# English newspapers, radio stations, magazines in Lisbon area



## jools17

Happy new year and hello everybody,

I am just asking if anybody could help add names or weblinks to a list of english based newspapers, magazines or radio stations that are active within Portugal. I moved across to work in Lisbon back in August 2008 but now i am trying help my fiancé find work or even work experience in english speaking media organisation. Any email address, weblinks or contacts would be greatly appreciated.

Before moving over here she worked as a journalist and reporter for the Belfast Telegraph and BBC Northern Ireland so her hunt for work starts with these media types of organisations. I work in Lisbon for the Portuguese Football Federation so i am just trying help her get settled and meet a few people the way i have.

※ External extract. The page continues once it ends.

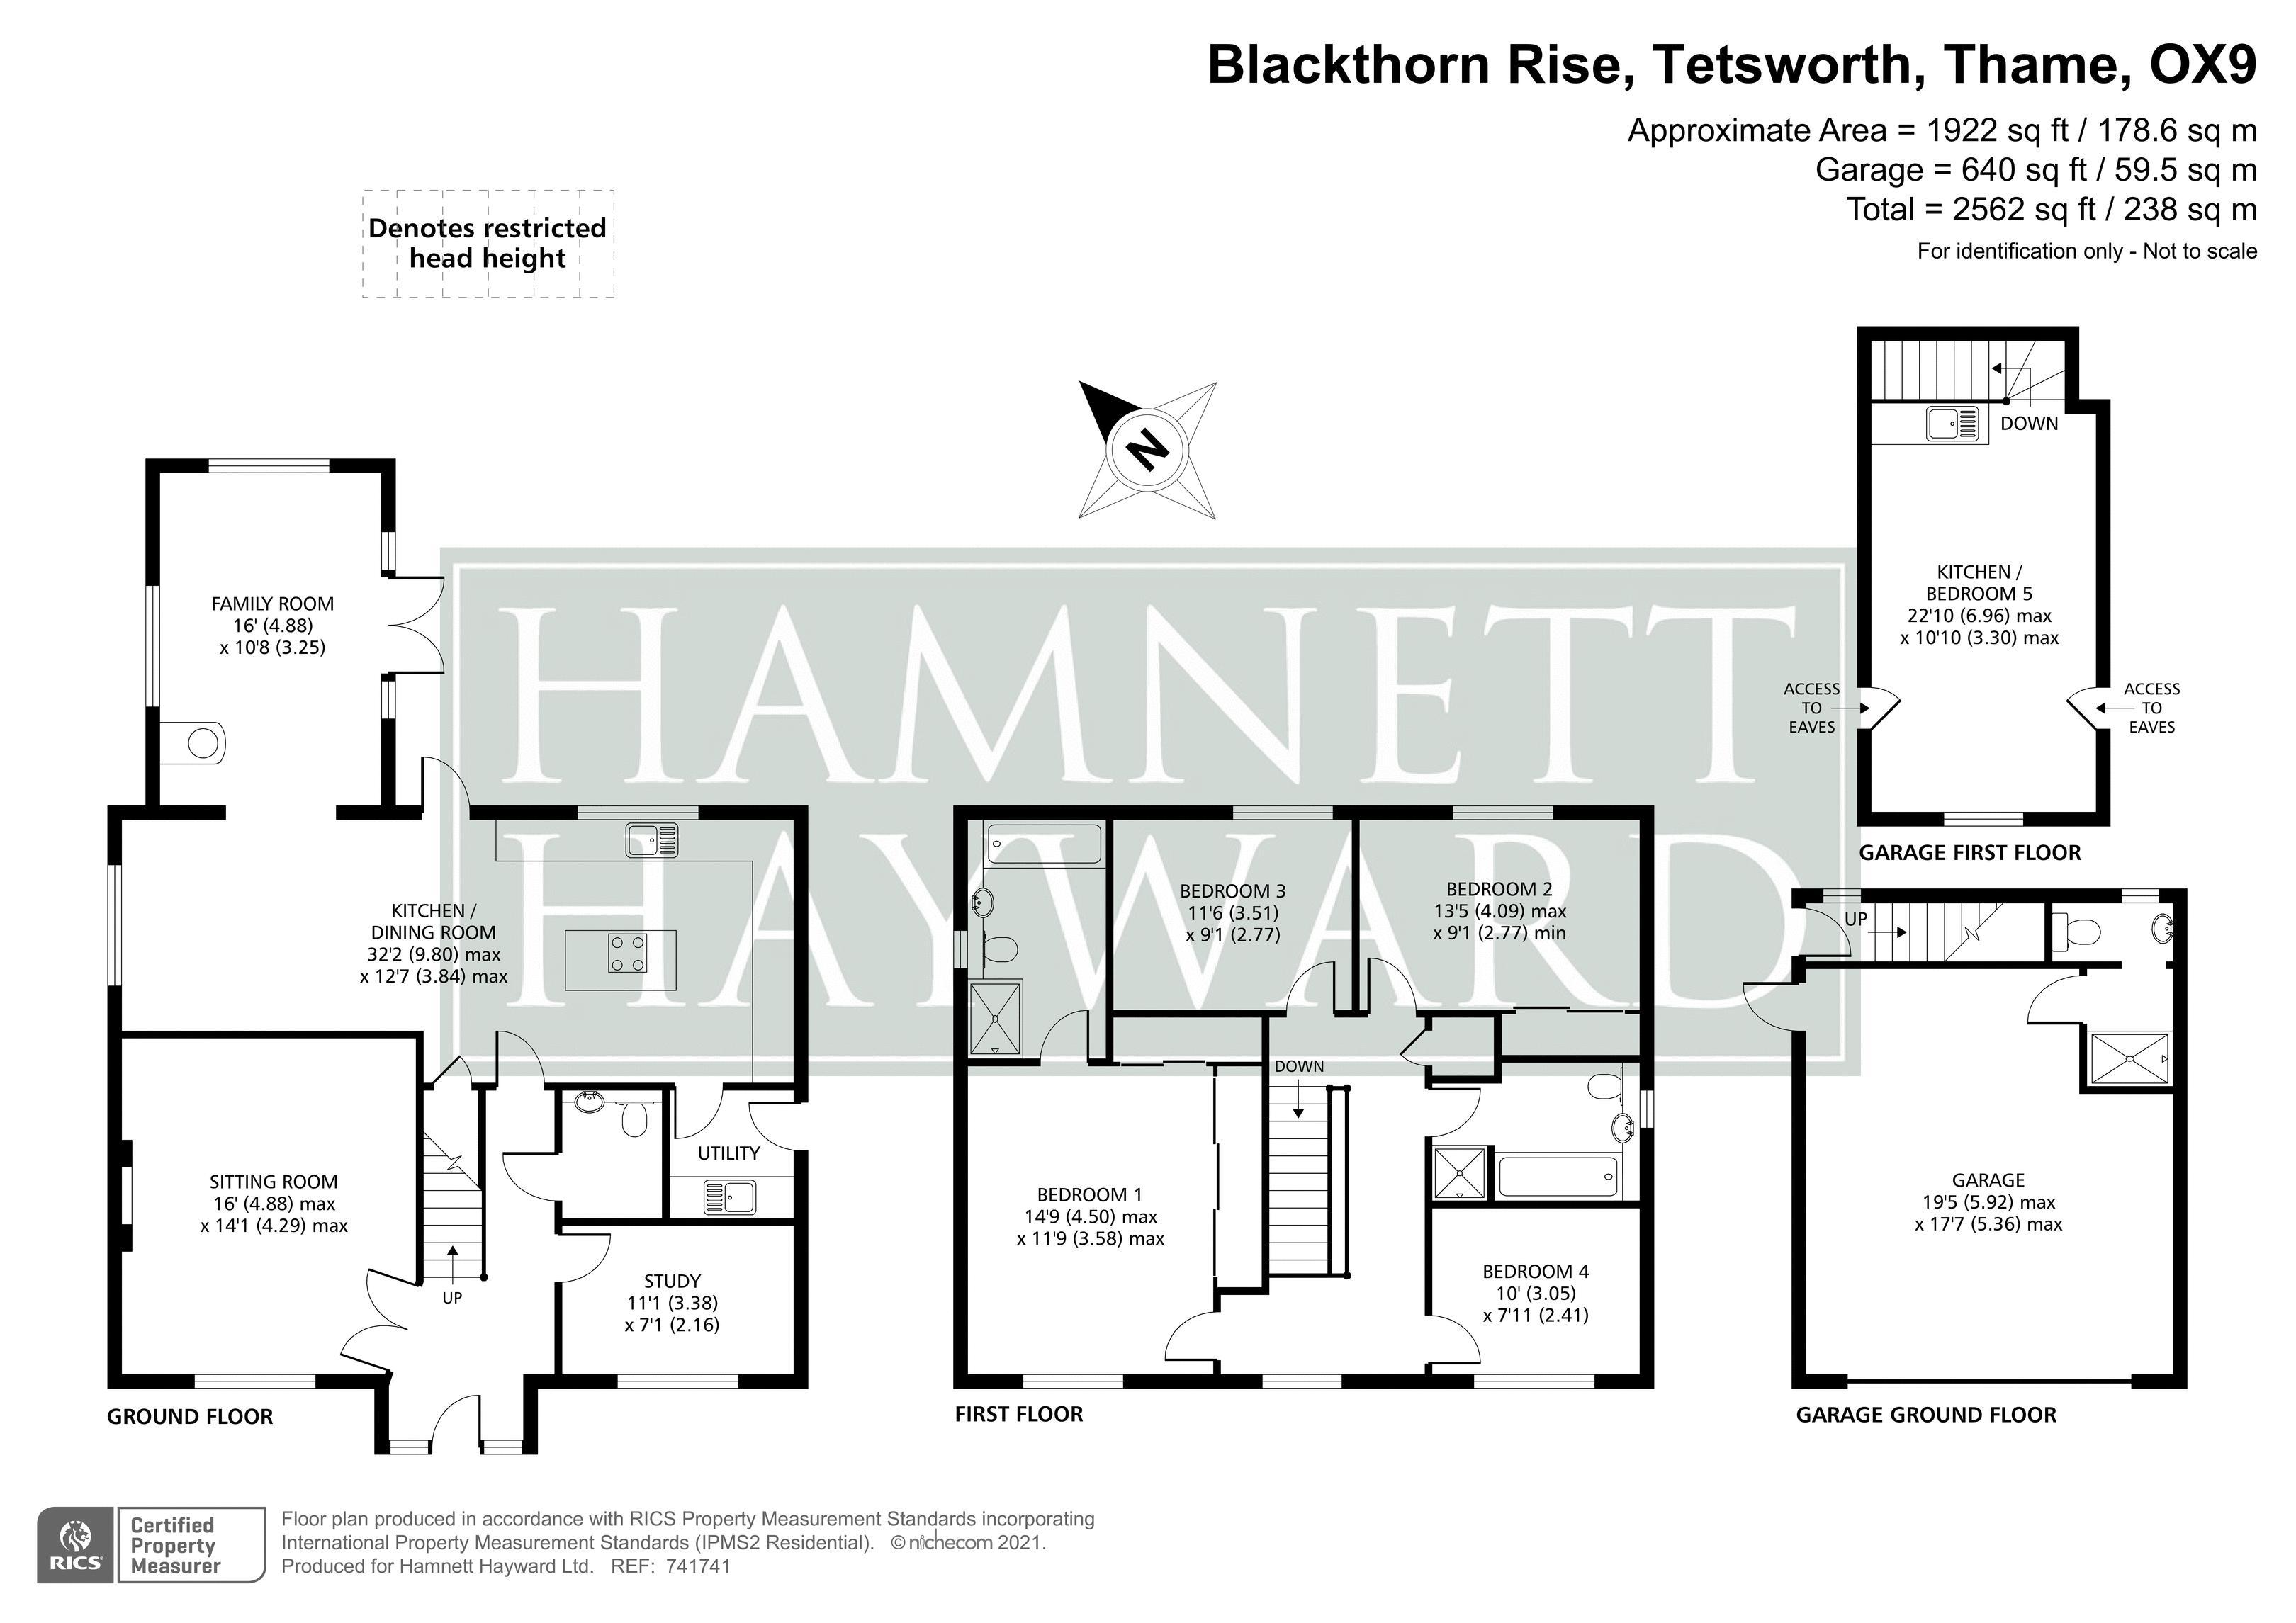 Blackthorn Rise Tetsworth

Thanks for taking the time to read this, 

All the best for 2010

Jools


----------



## siobhanwf

jools17 said:


> Happy new year and hello everybody,
> 
> I am just asking if anybody could help add names or weblinks to a list of english based newspapers, magazines or radio stations that are active within Portugal. I moved across to work in Lisbon back in August 2008 but now i am trying help my fiancé find work or even work experience in english speaking media organisation. Any email address, weblinks or contacts would be greatly appreciated.
> 
> Before moving over here she worked as a journalist and reporter for the Belfast Telegraph and BBC Northern Ireland so her hunt for work starts with these media types of organisations. I work in Lisbon for the Portuguese Football Federation so i am just trying help her get settled and meet a few people the way i have.
> 
> Thanks for taking the time to read this,
> 
> All the best for 2010
> 
> Jools


Welcome Jools

The Portugal News - Home Page of Portugal's National Weekend Newspaper in English

The News is Portugal's largest circulation English language newspaper. Established for over 20 years, 


Algarve Resident - the REAL Algarve Resident - 1st for News, information and classifieds


----------



## jools17

Thank you Siobhan, i will send their offices an email. much appreciated. Jools


----------



## sandil

Hi Jools,
Did your fiance (probably wife by now!) have any luck finding a job? I'm in marketing/advertising and am looking for something in media...any chance of knowing of anything in this field?
Thanks,
Sandi


----------